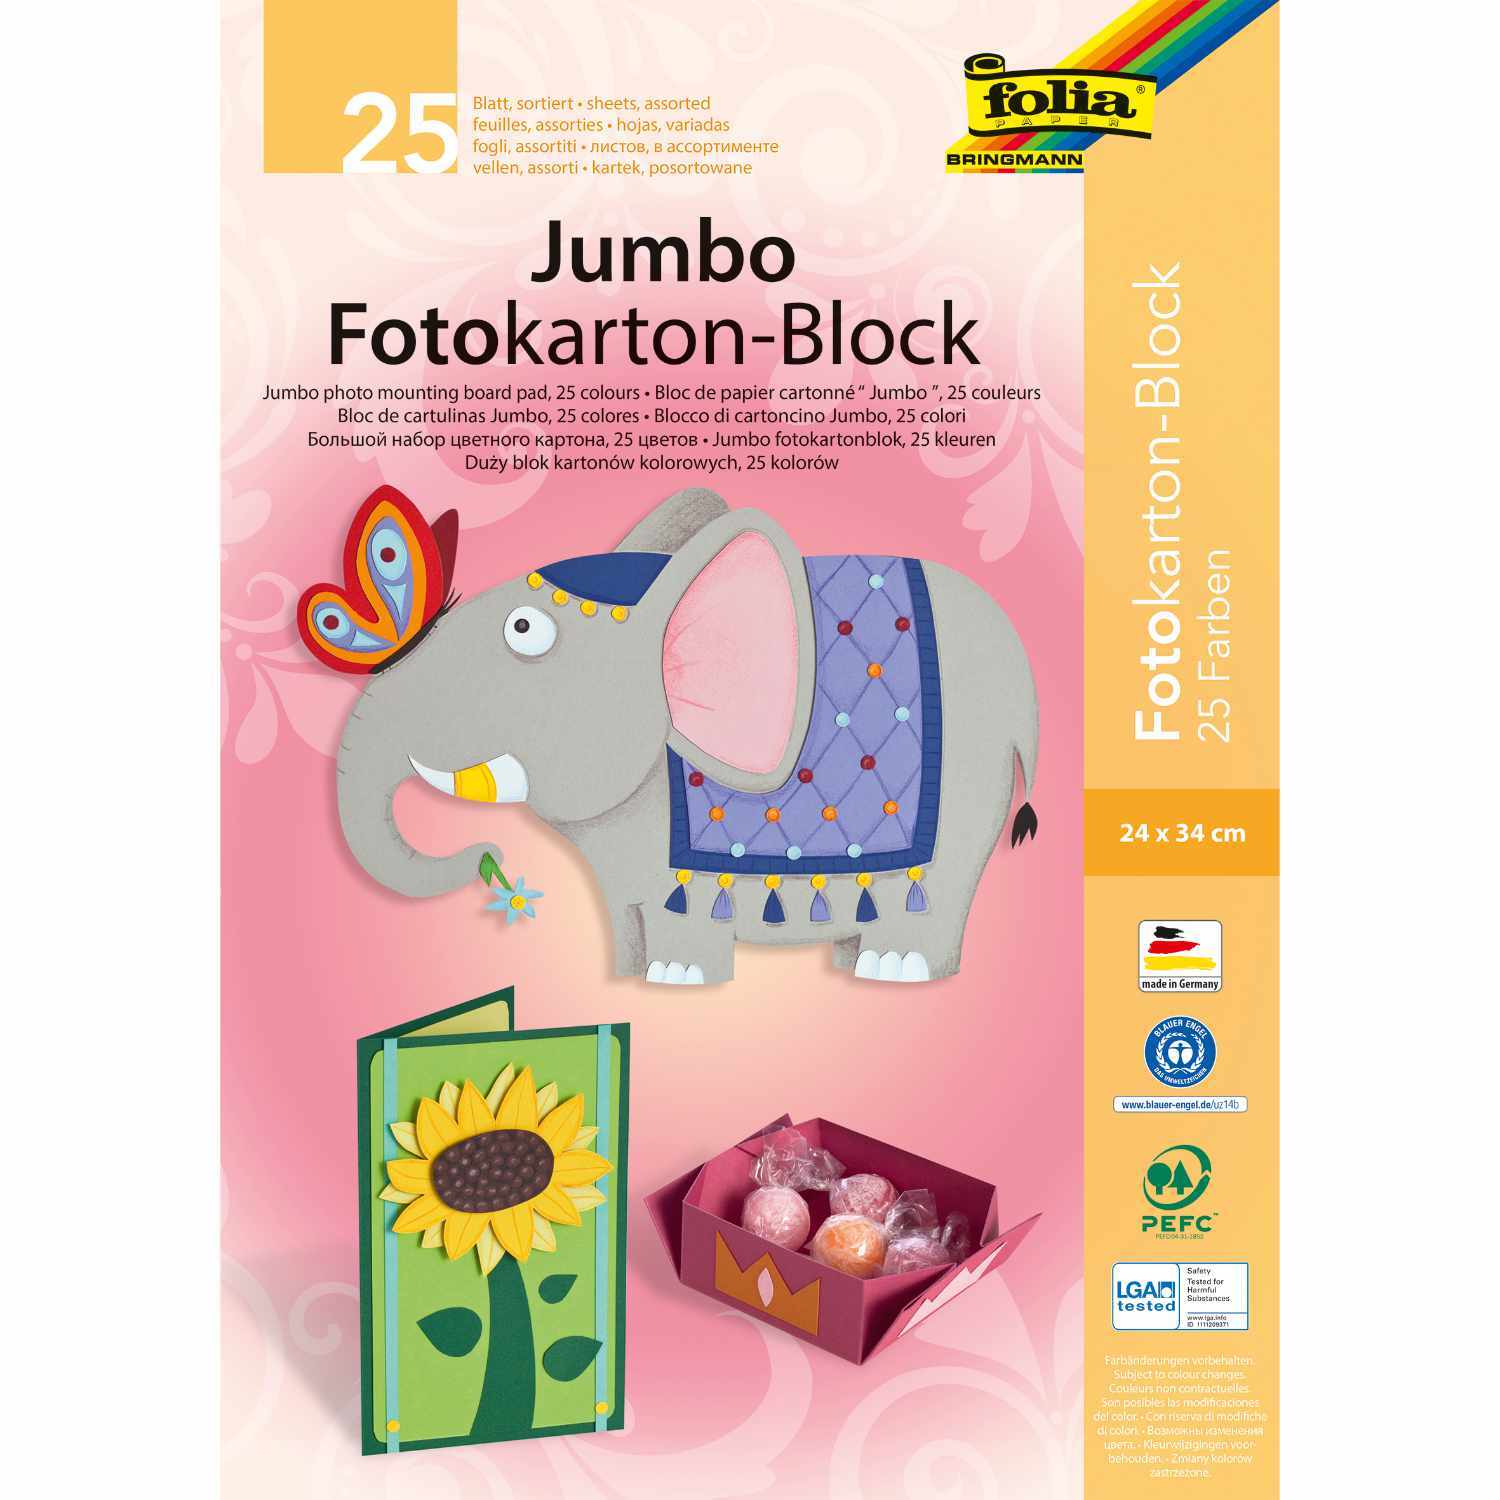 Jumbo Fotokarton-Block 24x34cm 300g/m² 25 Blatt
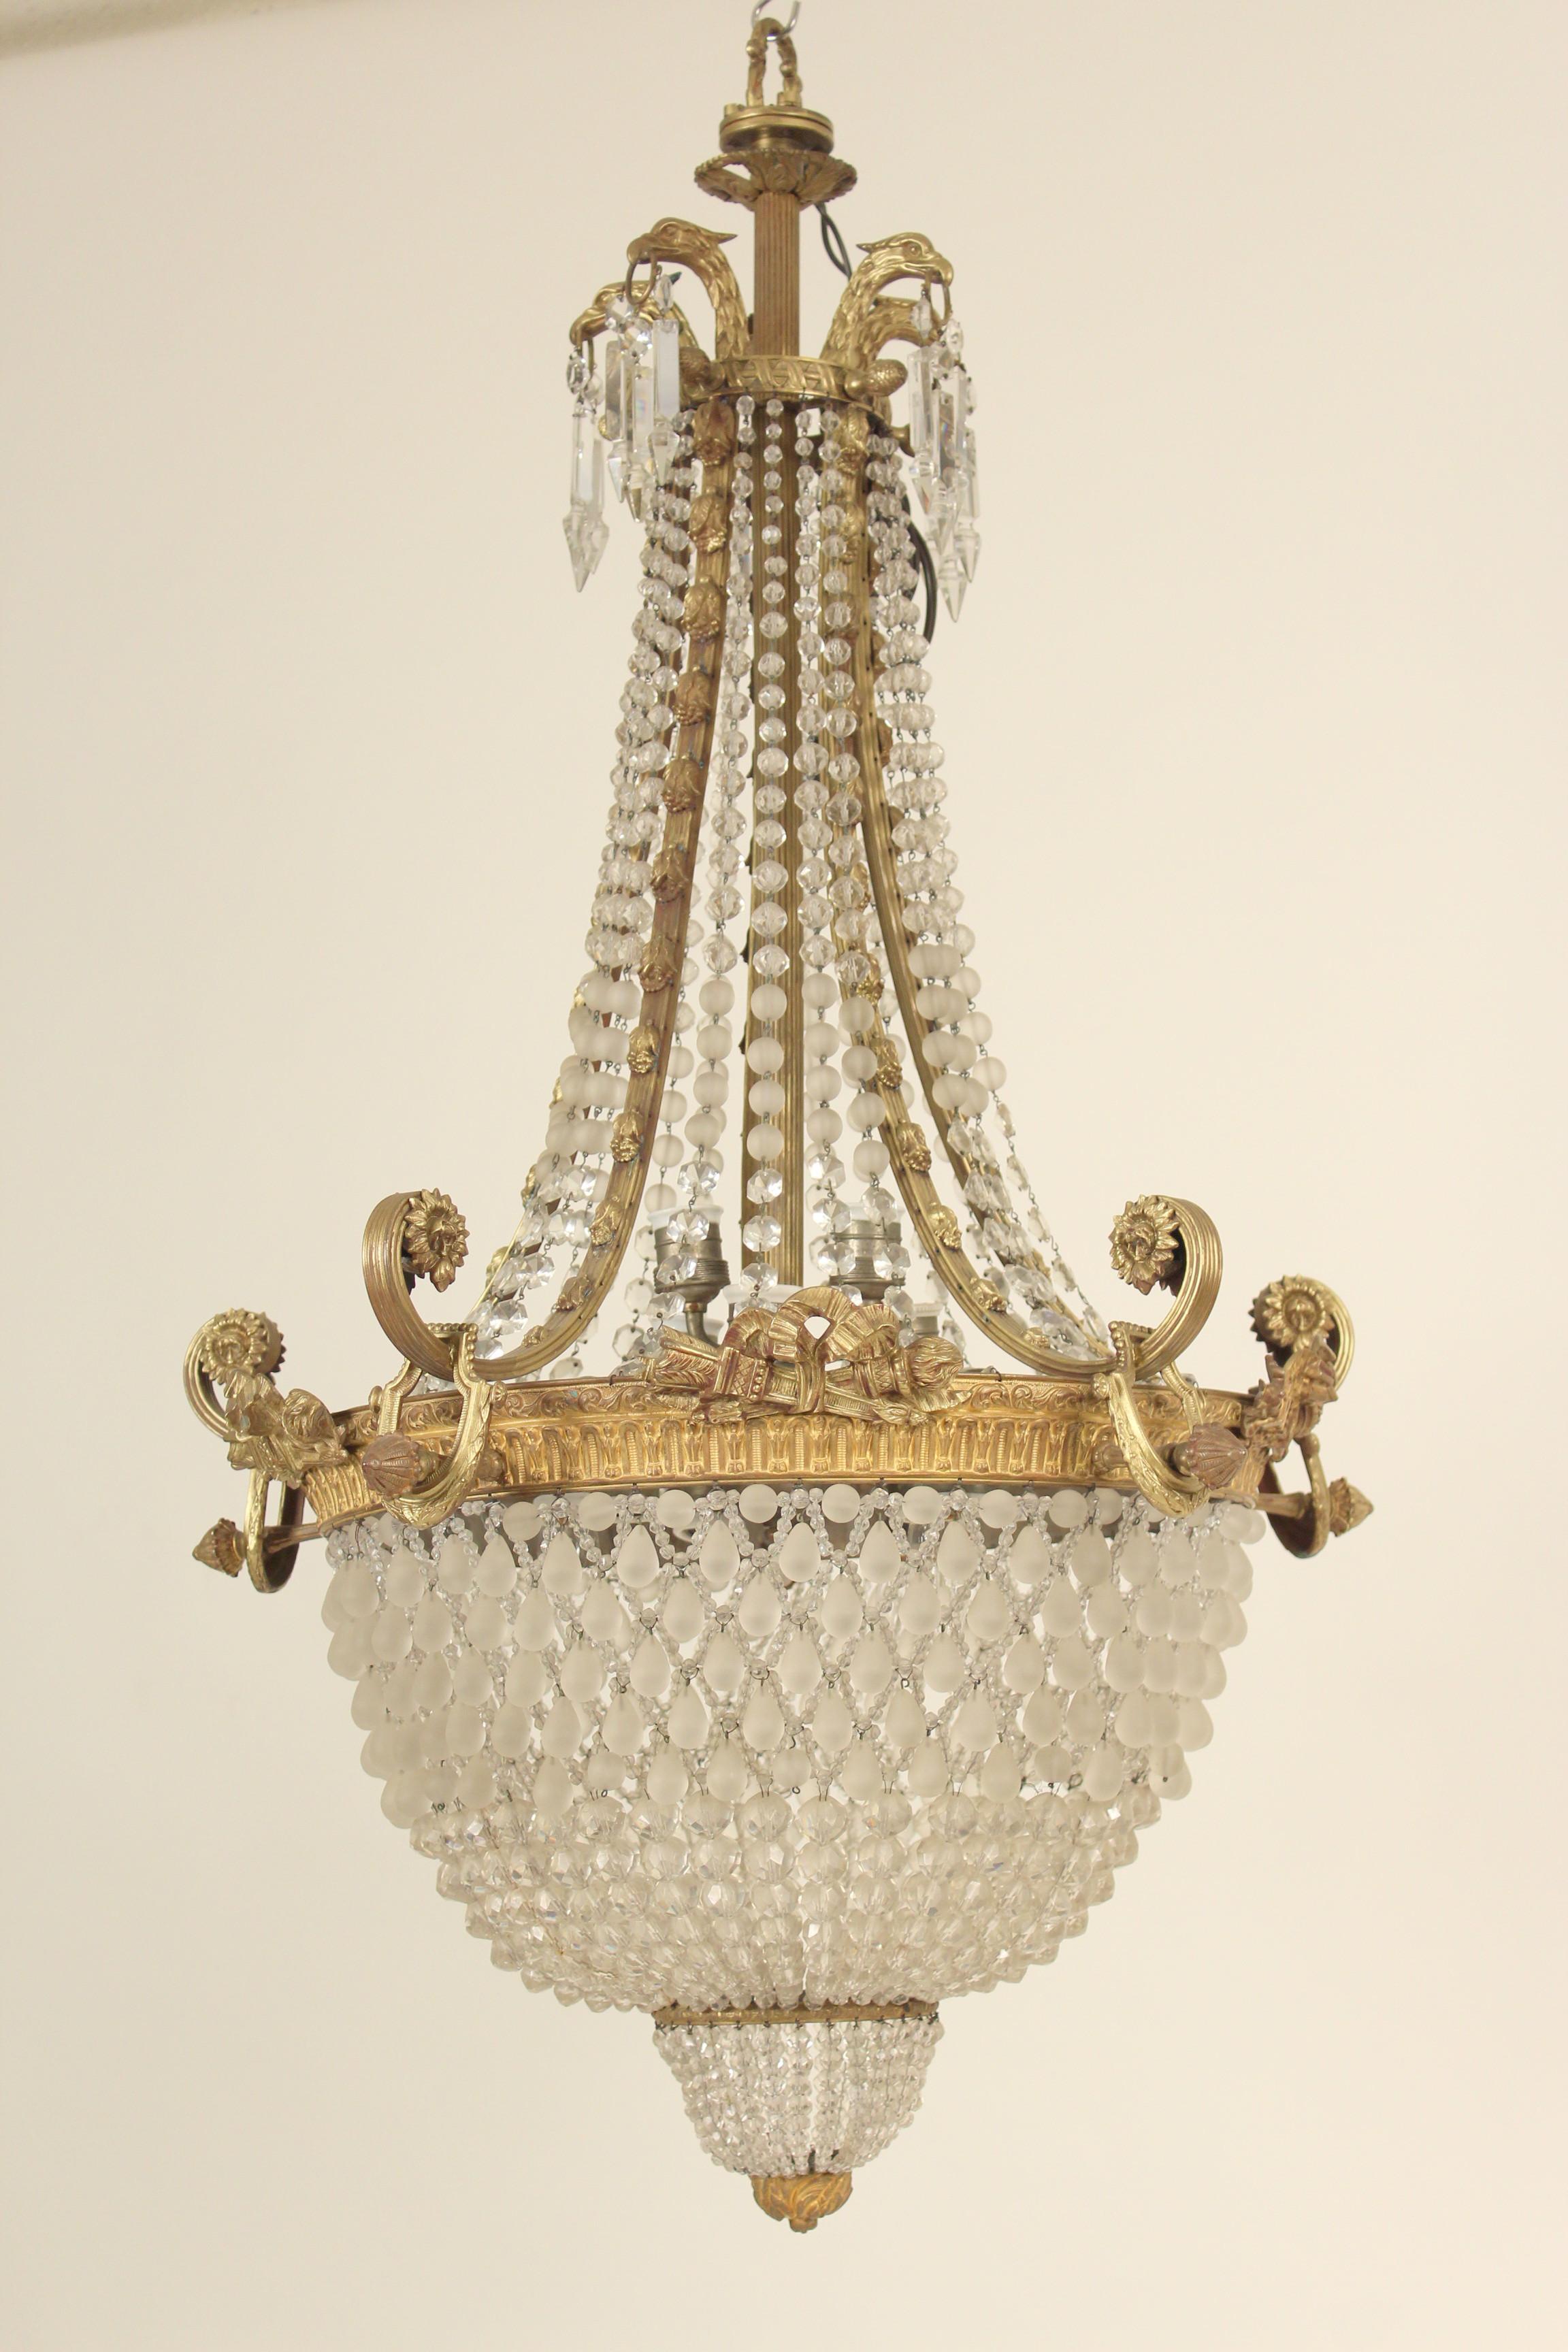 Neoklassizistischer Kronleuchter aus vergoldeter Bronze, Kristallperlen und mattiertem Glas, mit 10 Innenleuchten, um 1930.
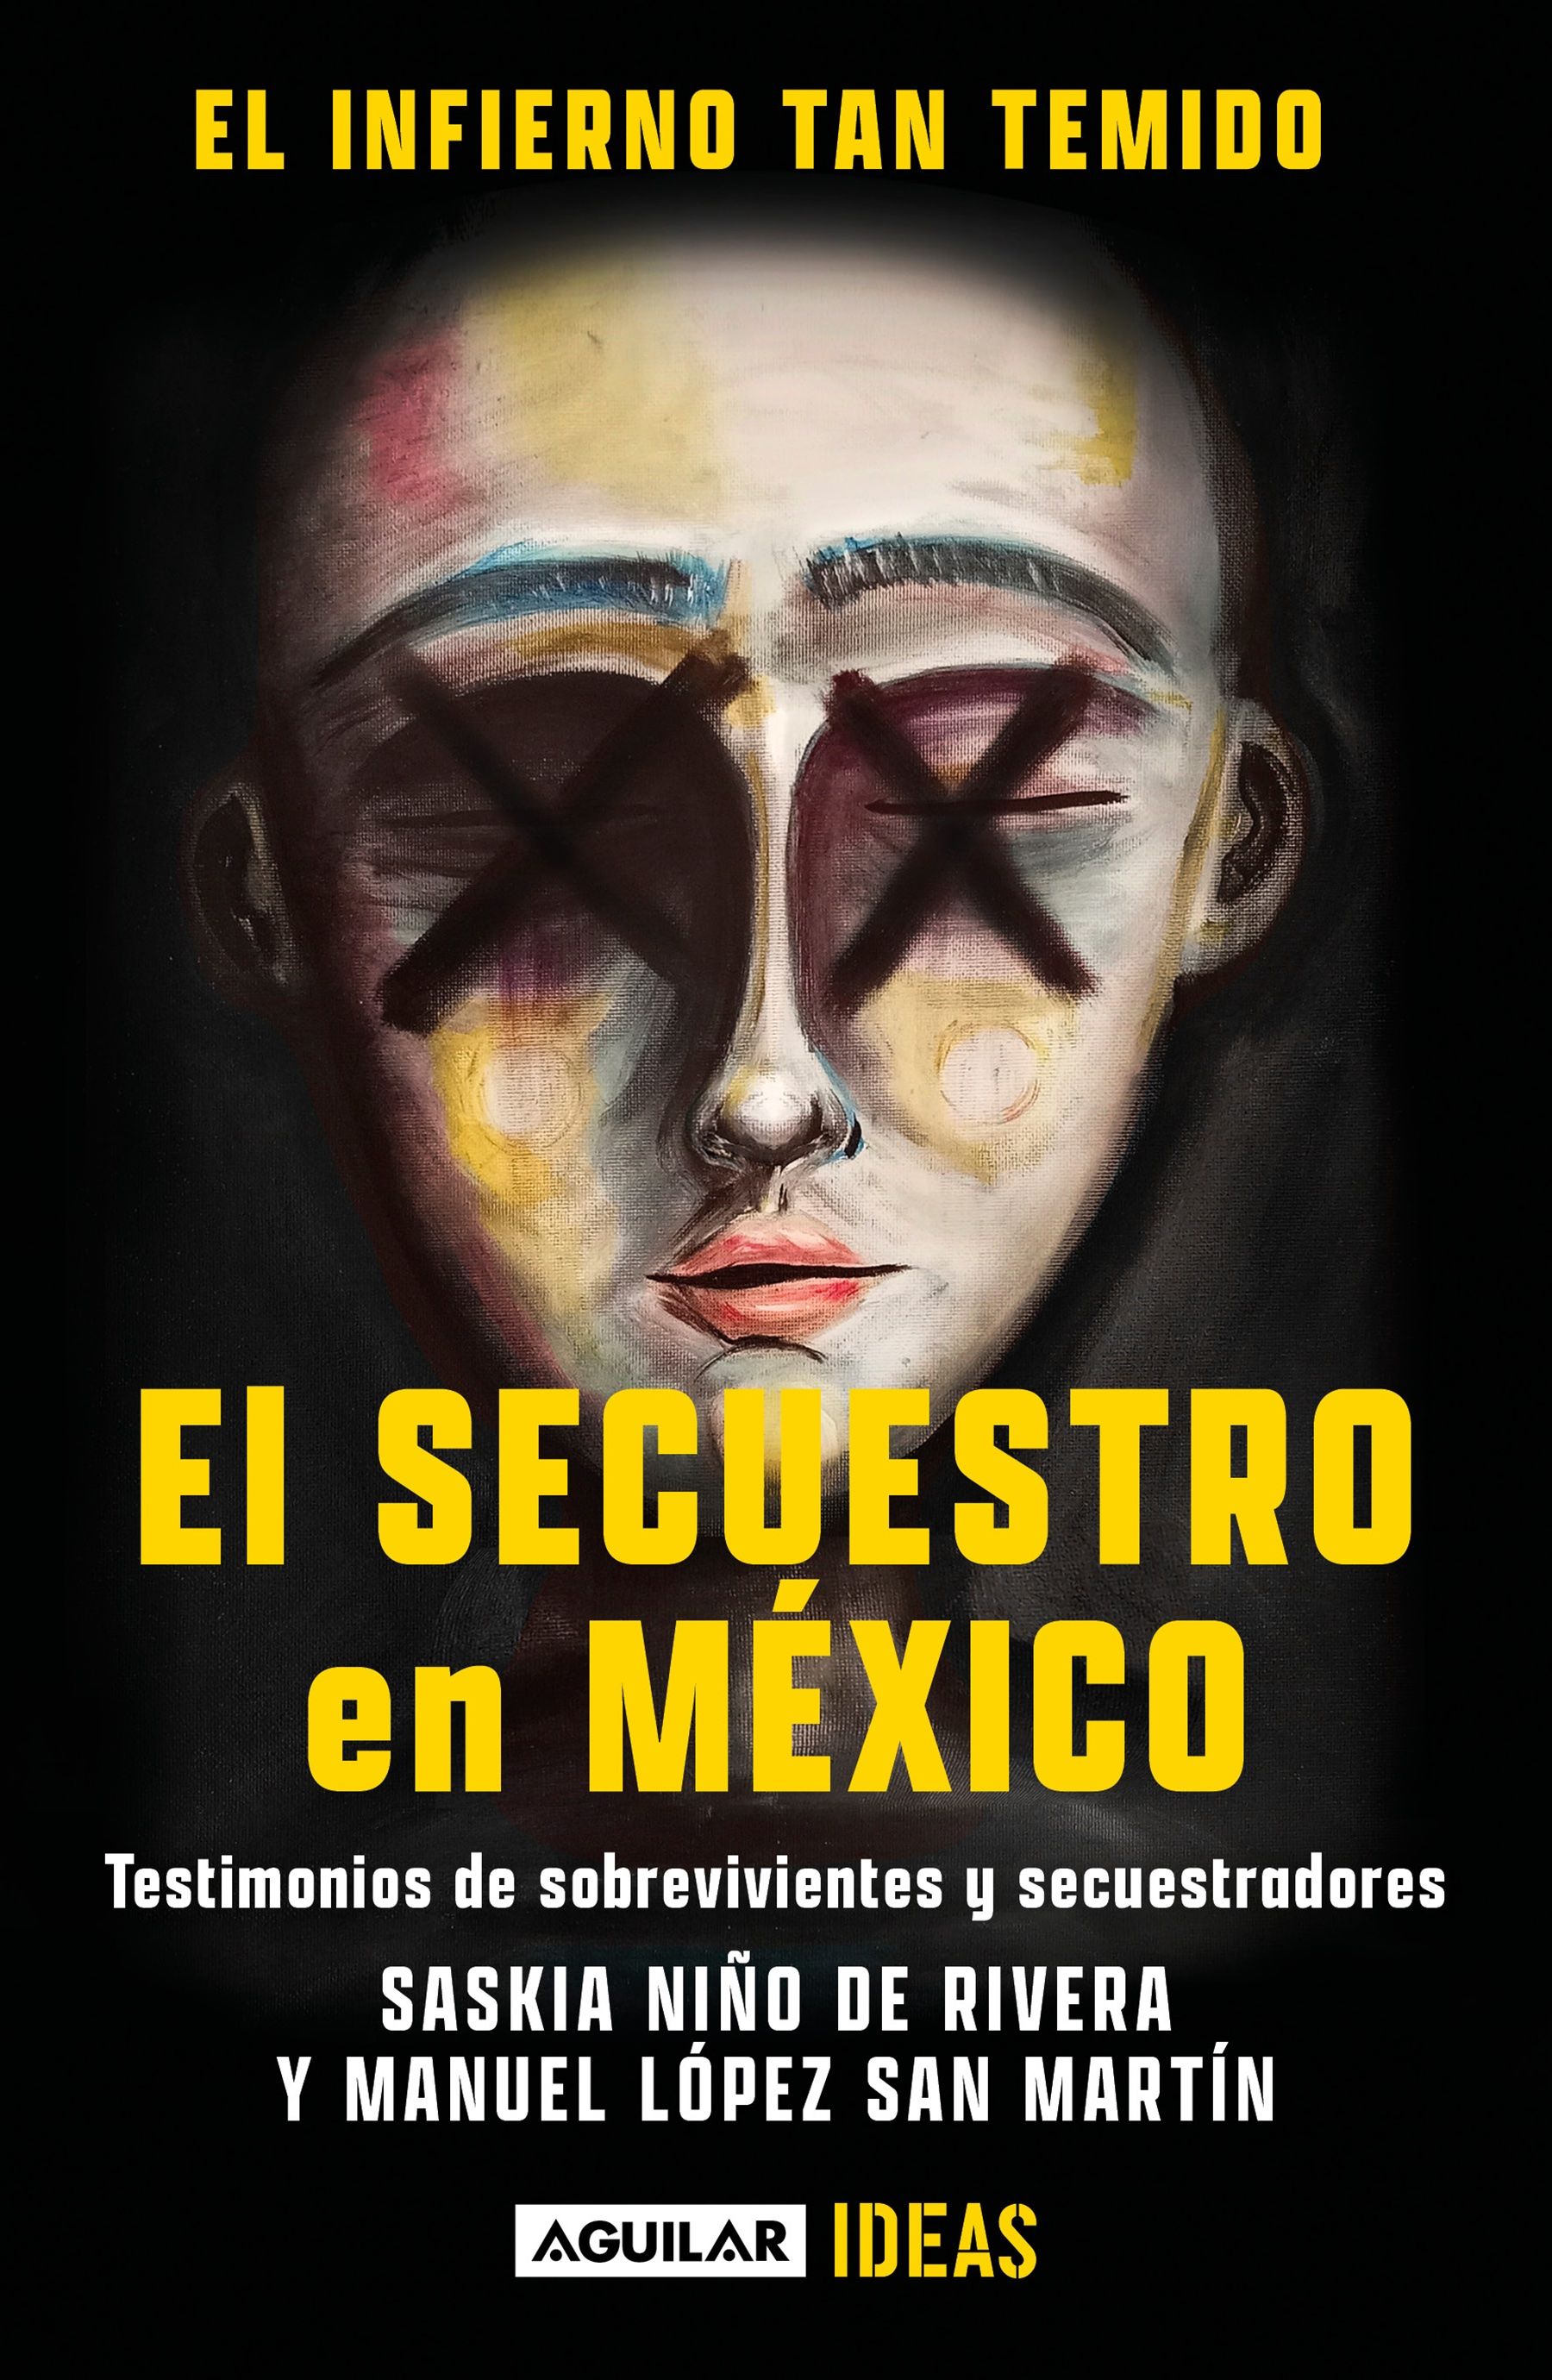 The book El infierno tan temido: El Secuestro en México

**Task to carry out:** Set aside the pictures. Then return every line of the material above verbatim.

**Reply to the task:**
 Jumbo Fotokarton-Block 24x34cm 300g/m² 25 Blatt
 Neoklassizistischer Kronleuchter aus vergoldeter Bronze, Kristallperlen und mattiertem Glas, mit 10 Innenleuchten, um 1930.
 The book El infierno tan temido: El Secuestro en México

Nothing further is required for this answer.